Slowly, Rowland realized that his calling was to reject the microphone and serve others by delivering hope to inmates like his daughters had delivered hope to him.
“That answered my question if there was something I should be doing rather than serving myself” Rowland said, and he accepted a job working at Prison Fellowship.
“If I did the right thing years ago then I probably wouldn’t have experienced what I have,” Rowland said, “but I’m 64 years old and it’s never too late to learn some lessons. It’s never too late to change your life. It’s never too late to get back up from being knocked down and try to be successful again, but perhaps the next decision should be about real redemption.”
![]() Rowland delivering a speech at Grace Chapel in 2019. |
The personal insights Rowland delivered at Grace Chapel, and his commencement speech in June, revealed a man largely at peace, but still struggling to accept what had happened to him. He spoke of the friends that had deserted him, and said that is was okay, they weren’t really friends to begin with. He talked about his first conviction and said he was guilty of honest service fraud, and asked if there were any lawyers in the audience that could explain to him what that meant, because he still had no idea.
When Rowland addressed his second conviction he painted it as an act of revenge by federal prosecutors for the lenient first sentence, and took no responsibility for breaking federal election laws.
“I didn’t realize that the two prosecutors had political ambitions before I was even sentenced,” Rowland told the audience at Grace Chapel in 2019. “One was declaring his candidacy for governor. I was just a meal ticket, that’s what this was all about. You kidding me? He didn’t win. He didn’t even get the nomination, but that doesn’t matter, none of that matters.”
In brief moments during both his speeches Rowland’s ego, which he admits was enormous when he was Governor, flashed for all to see.
“There’s no more obnoxious, narcissistic, ego-fulfilling, pride-felt business, than politics,” Rowland said. “It’s an ugly business trying to promote yourself and put down others, but that’s the life that I had chosen for the last 40 years.”
He continues working towards change. Rowland’s talk to the inmates in late June was a mix of personal testimony and faith.
“If you’re not tethered, if you’re not connected, if we don’t recognize and understand that there’s something so much bigger and more powerful and more important than us,” Rowland said, “and that’s our faith. If we can grasp that, all the other things begin to work out.”
Rowland addressed the inmates via Zoom, and told the audience that despite all that he has lost, and despite spending two stints in federal prison, he was blessed and happy.

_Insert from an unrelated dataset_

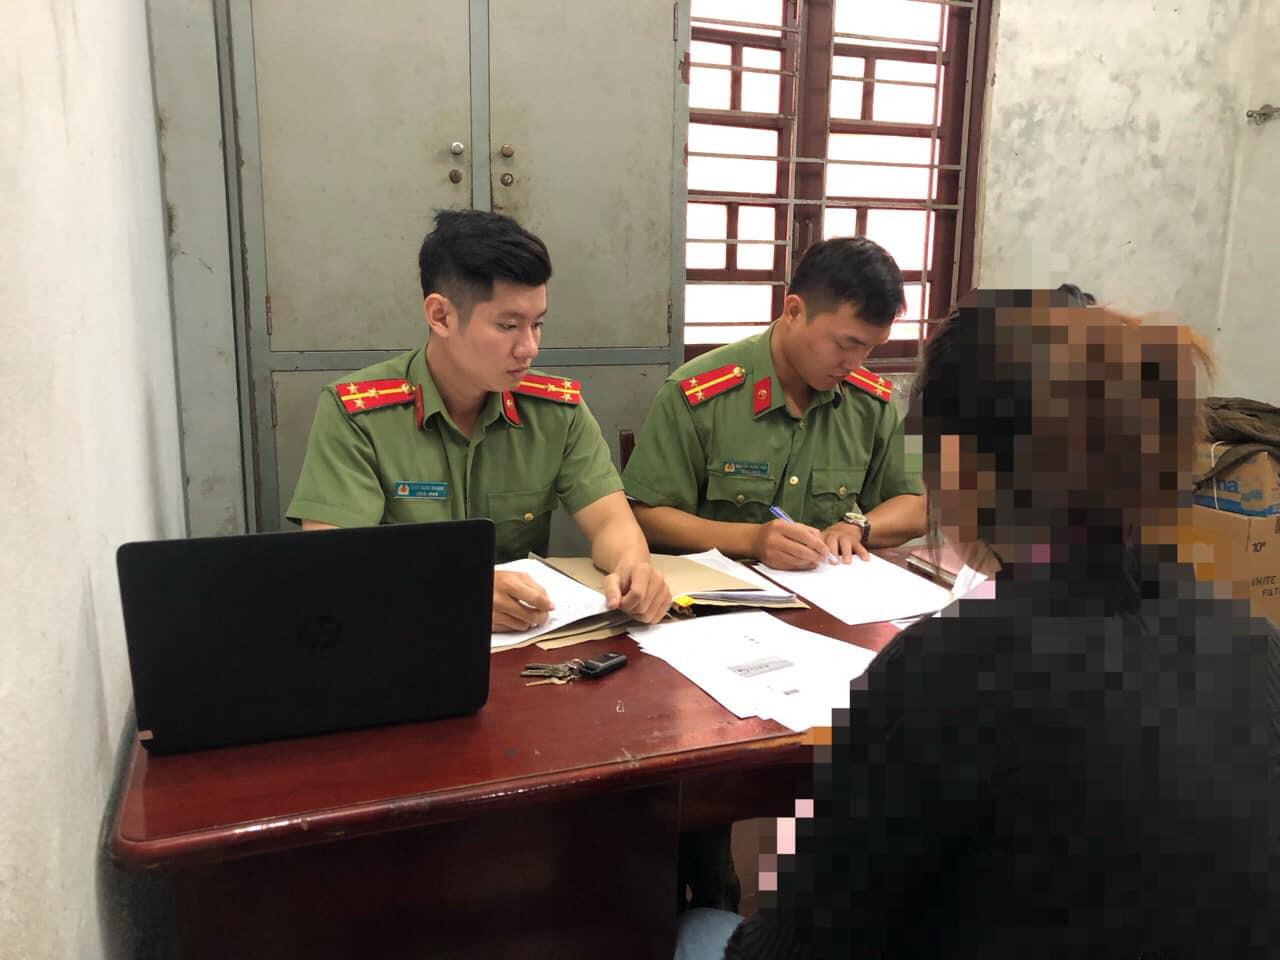 An ninh Đà Nẵng làm việc với một chủ tài khoản Facebook
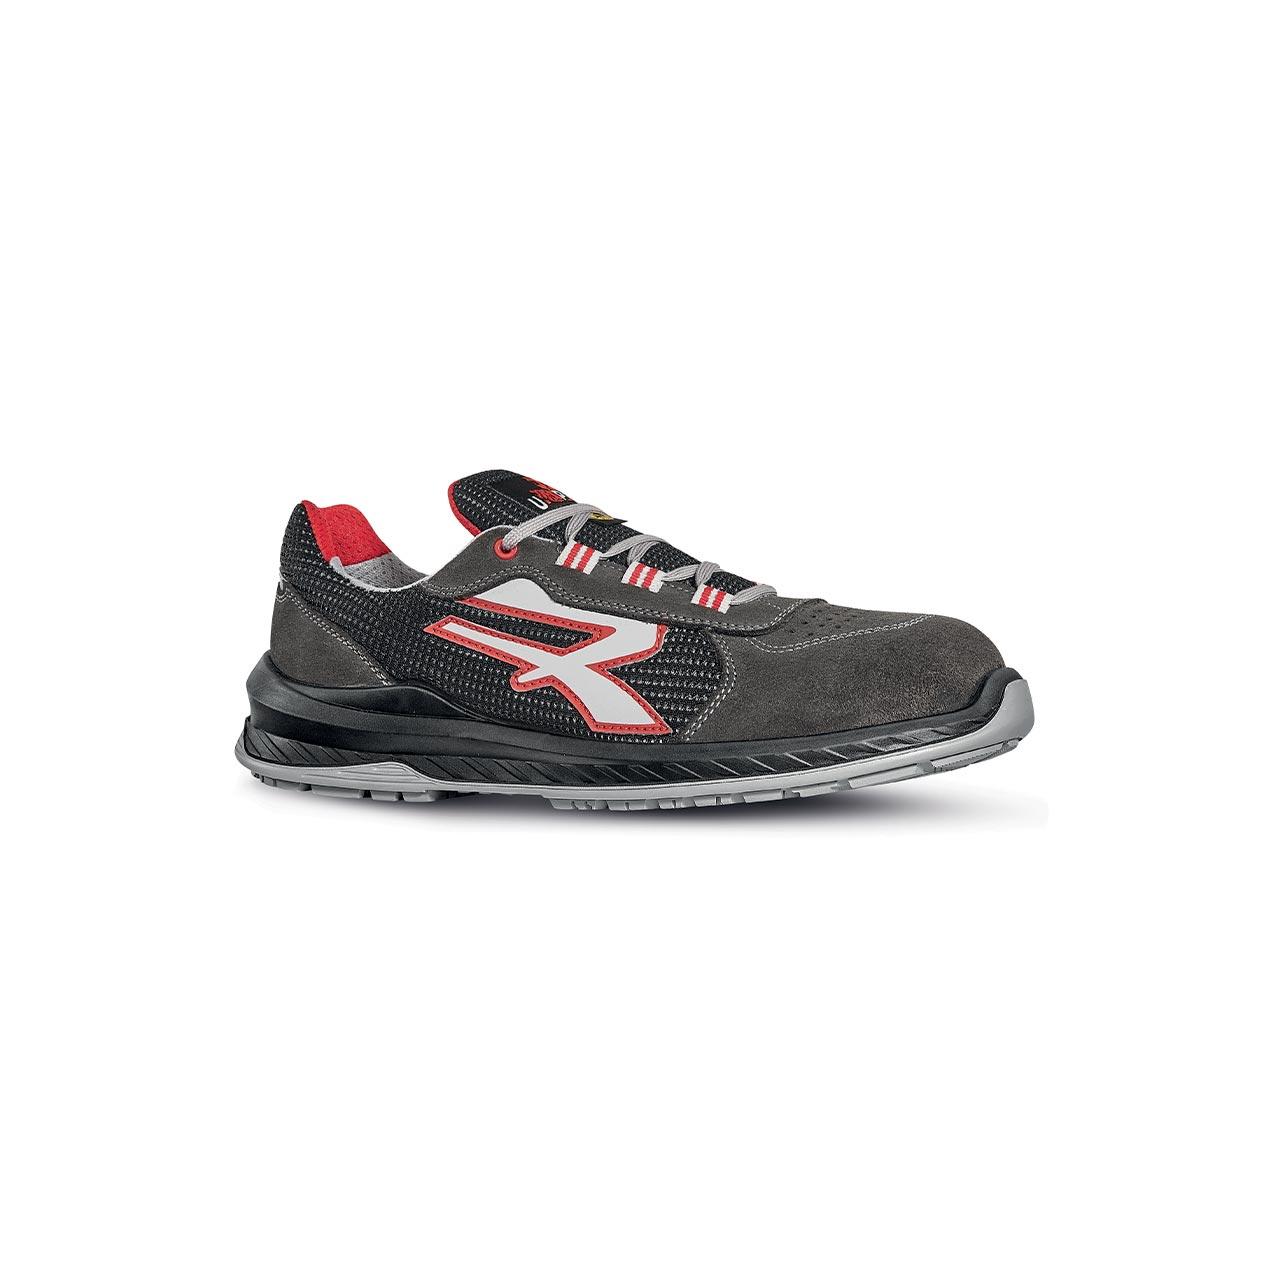 scarpa antinfortunistica upower modello demon linea redindustry vista laterale

![]() Rowland delivering a commencement speech to inmates in June 2021 via Zoom. |
“If you told me five years ago when I was sitting on that bench in Bryant Park that I’d be sitting in this home with my kids and grandkids and enjoying life and serving others, I never would have believed you,” Rowland said, “but it happened. I realized that I have to be open at all times to letting the Holy Spirit work, and open at all times to to be prepared to make the right decision and not let that pride and ego fill the vacancy that might be there.”
Rowland closed with, “I’m honored to deliver this message and I’m honored that you’ve asked me, and for that one person I may have reached, don’t lose hope. Have faith, it’s gonna work out. Don’t ever, ever, ever give up. And never turn your back, and just be open in faith.”
Rowland encouraged the inmates to seek spiritual transformation. “Find the Lord and ask for his help,” he said. “Everybody talks about jailhouse conversions as nonsense, but God does his best work when we’re at the bottom, when we’ve lost hope. He will work with us in our most desperate moments, because we’re vacant and ready to listen.”
Rowland has been there, hopeless and alone on a park bench in the middle of NYC. With the help of his family and faith, John Rowland fought his way out of the darkness, and his work now is all about encouraging others to do the same.